OMOS image (latest-omos)

Everything in the base image, plus:

  • oh-my-opencode-slim — multi-agent orchestration plugin
  • Bun — JavaScript runtime required by oh-my-opencode-slim
  • 6 specialized agents — Orchestrator, Explorer, Oracle, Librarian, Designer, Fixer

Additional runtimes (build from source)

When building from source, additional runtimes are available via build args:

  • Python 3 (INSTALL_PYTHON=true) — Python 3 + pip + venv
  • Go (INSTALL_GO=true) — Go toolchain

oh-my-opencode-slim (OMOS variant)

The -omos image variant includes oh-my-opencode-slim, which adds a multi-agent layer on top of opencode. An Orchestrator delegates tasks to specialized agents, each configurable with different models and providers.

Quick start with OMOS

docker run -it --rm \
  -e OPENAI_API_KEY=your-key \
  -e OPENCODE_PROVIDER=openai \
  -e ENABLE_OMOS=true \
  -v ~/projects:/workspace \
  -v ~/.ssh:/home/developer/.ssh:ro \
  joakimp/opencode-devbox:latest-omos

On first start, the entrypoint configures oh-my-opencode-slim automatically. The default preset uses OpenAI models.

OMOS environment variables

Variable Default Description
ENABLE_OMOS false Activate oh-my-opencode-slim on container start
OMOS_TMUX false Enable tmux pane integration (watch agents in split panes)
OMOS_SKILLS true Install recommended skills (simplify, agent-browser, cartography)
OMOS_RESET false Force regenerate config on next start (backs up existing config)

Custom OMOS configuration

If you mount the opencode config directory (see Custom opencode Config above), the oh-my-opencode-slim.json file is included and persists across restarts. Edit it directly to control which models power each agent, fallback chains, council setup, and more.

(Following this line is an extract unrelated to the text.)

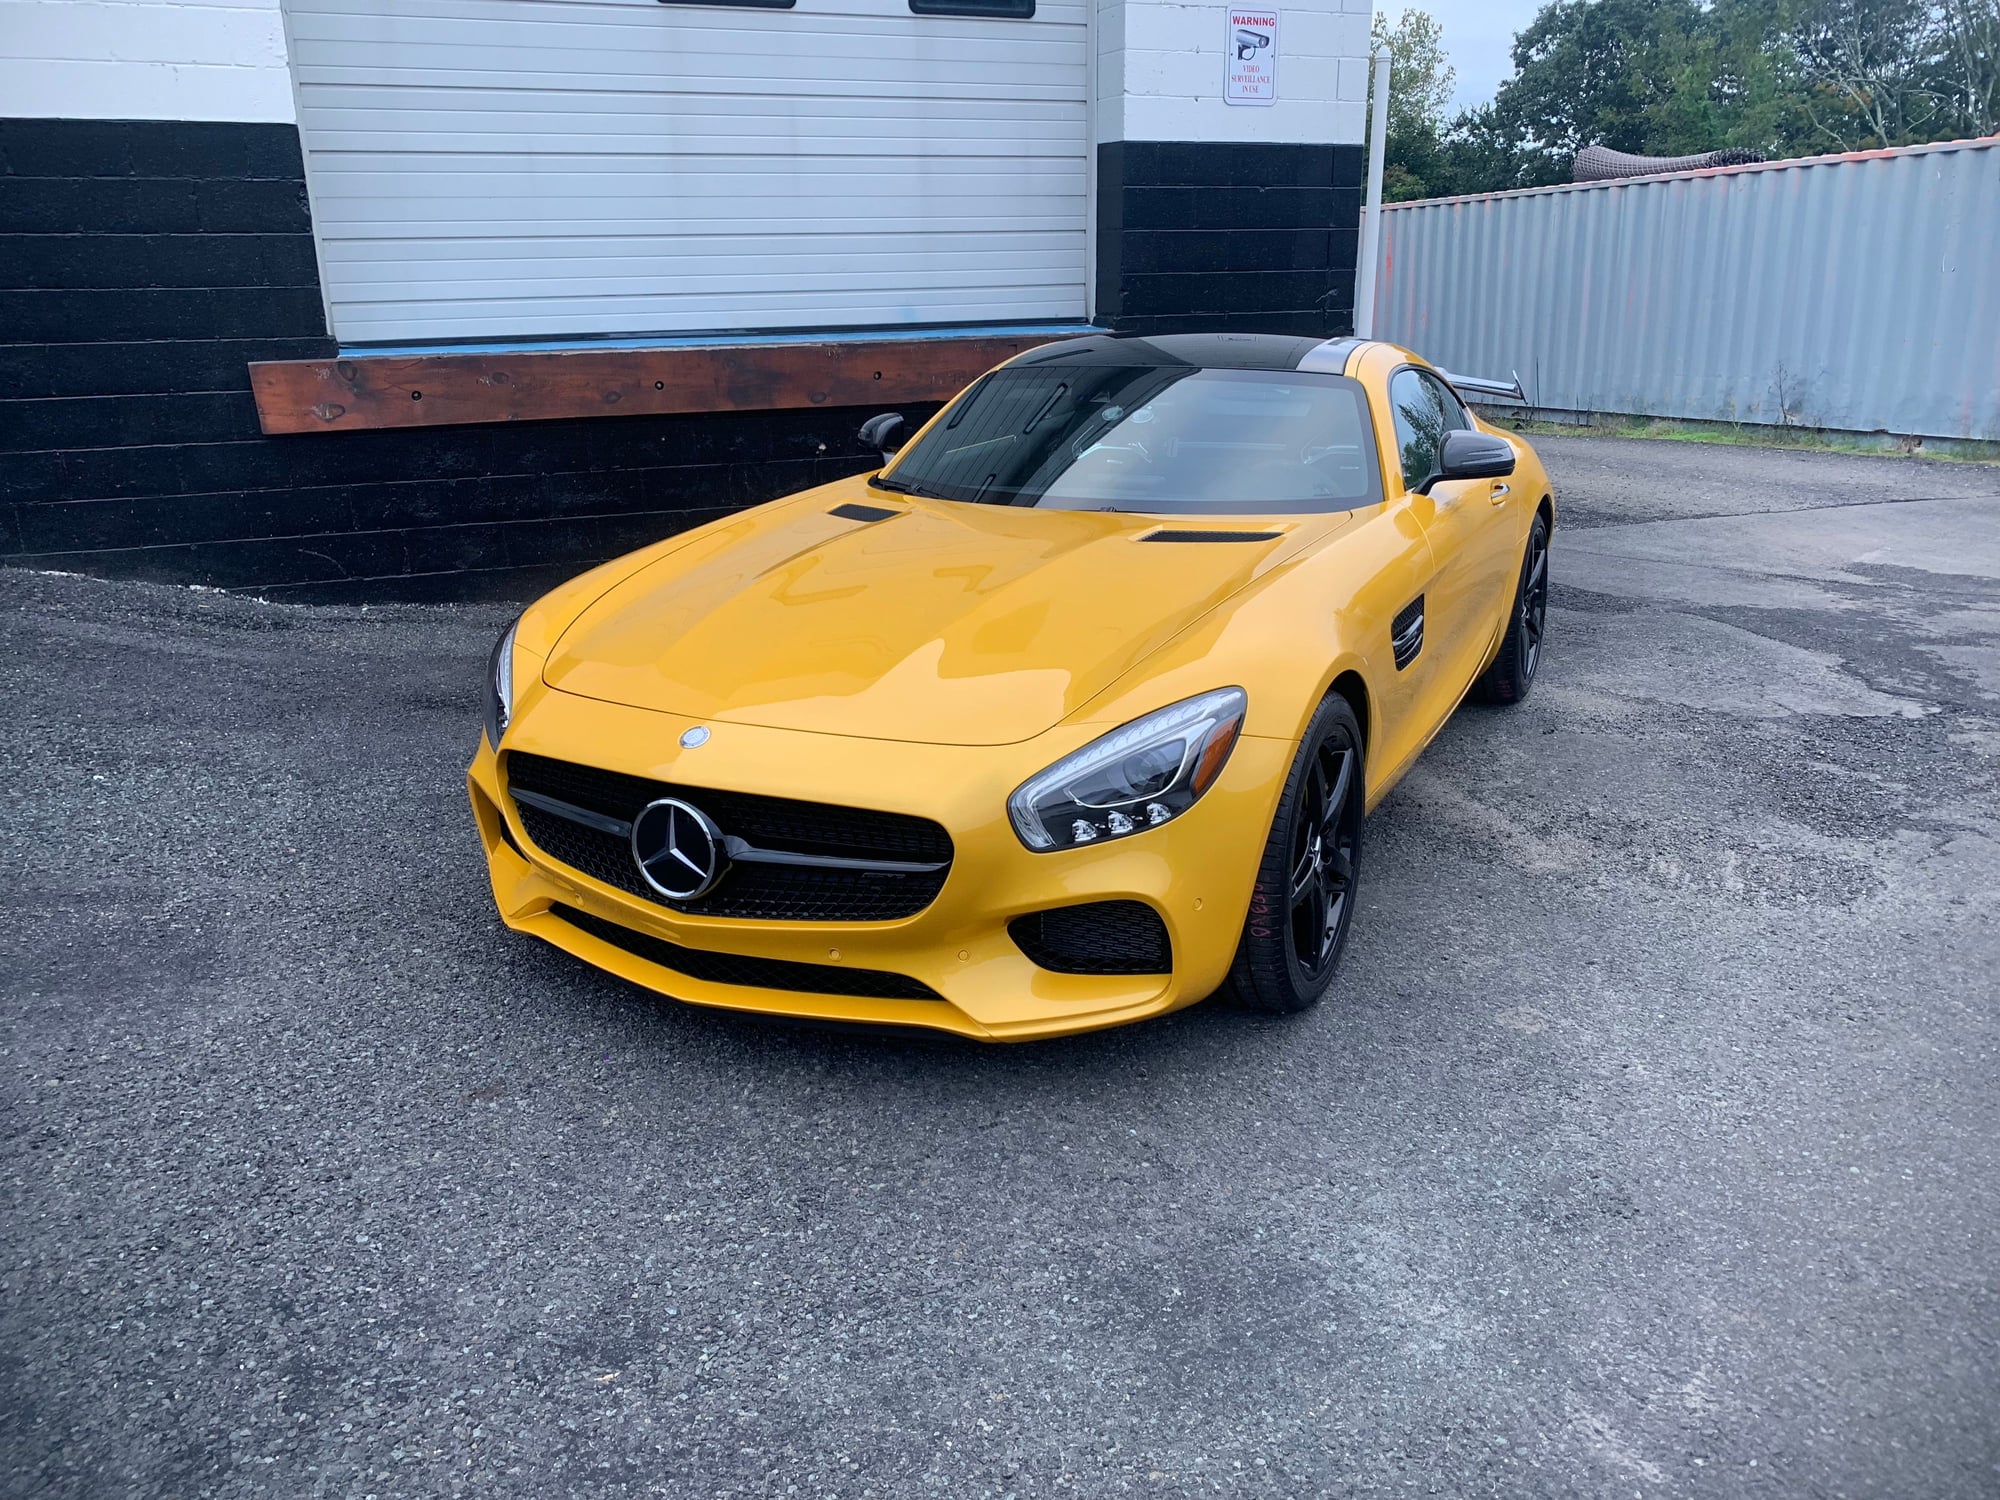 2017 Mercedes-Benz AMG GT - 17 AMG GT  Solarbeam Yellow  only 3500 miles   MSRP $141k  nicely optioned - Used - VIN WDDYJ7HA8HA012043 - 3,500 Miles - 8 cyl - 2WD - Automatic - Coupe - Other - Shelton, CT 06484, United States
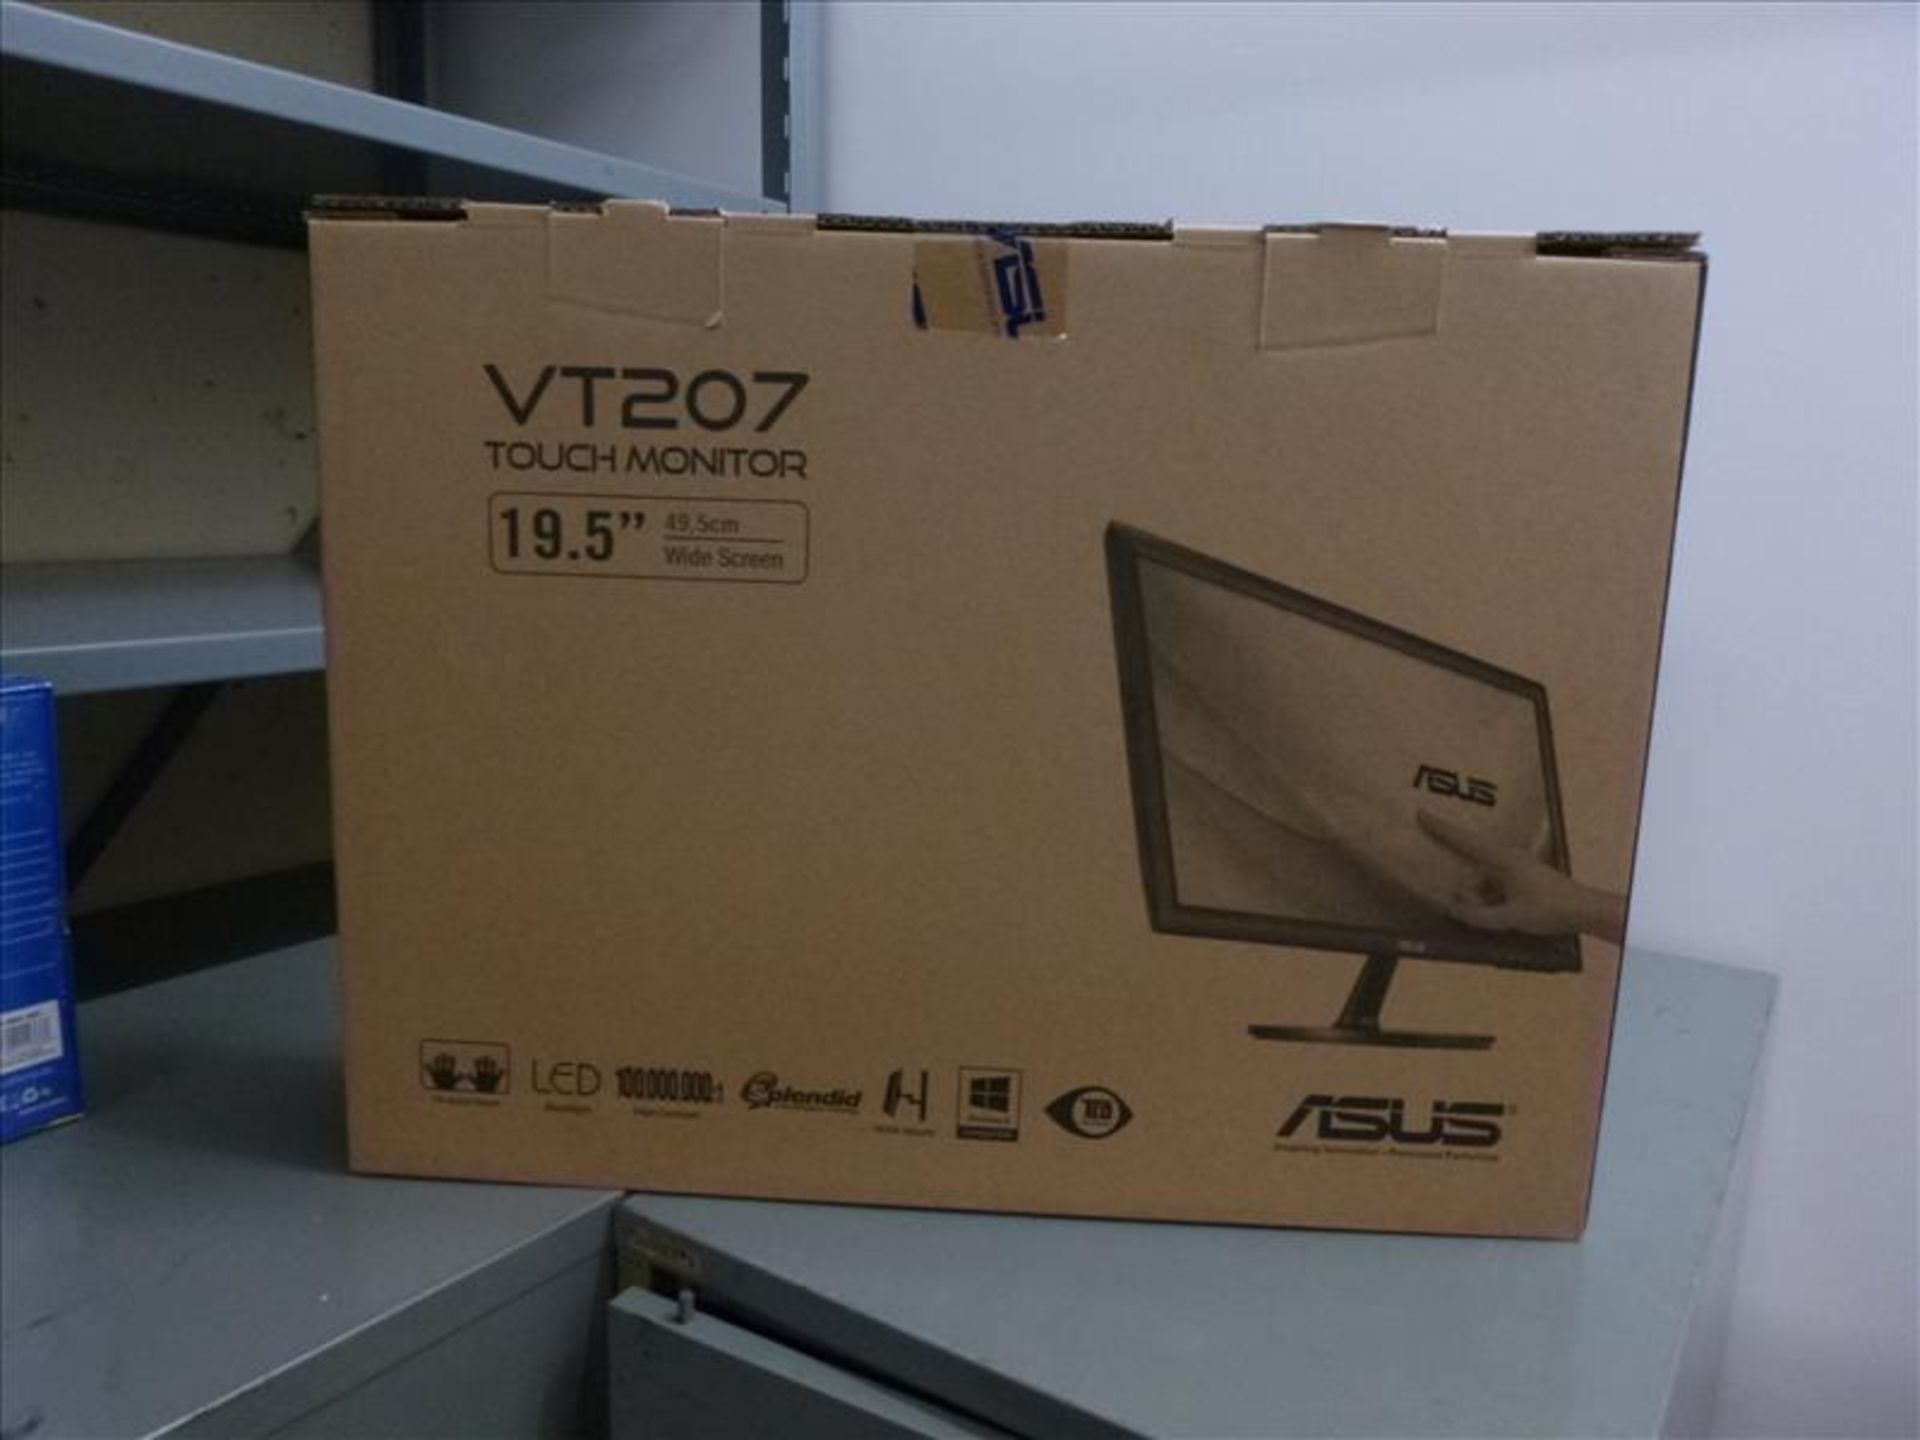 (4) Asus VT207 19.5" LED touch screen monitor, wide screen, 1600 x 900 HD+ (NEW) [B]

See the oh-my-opencode-slim configuration docs for the full reference.

Verifying agents

After starting opencode with OMOS enabled, run inside the opencode session:

ping all agents

All six agents should respond if your provider authentication is working.

Multi-User Setup

This guide covers single-user setup. For running multiple opencode-devbox instances in parallel — whether each user has their own OS account or everyone shares one login — see the Multi-user setup section in the source repository. It covers volume isolation, the docker-compose.shared.yml layout, and the SIGNUM / $USER auto-detection mechanism.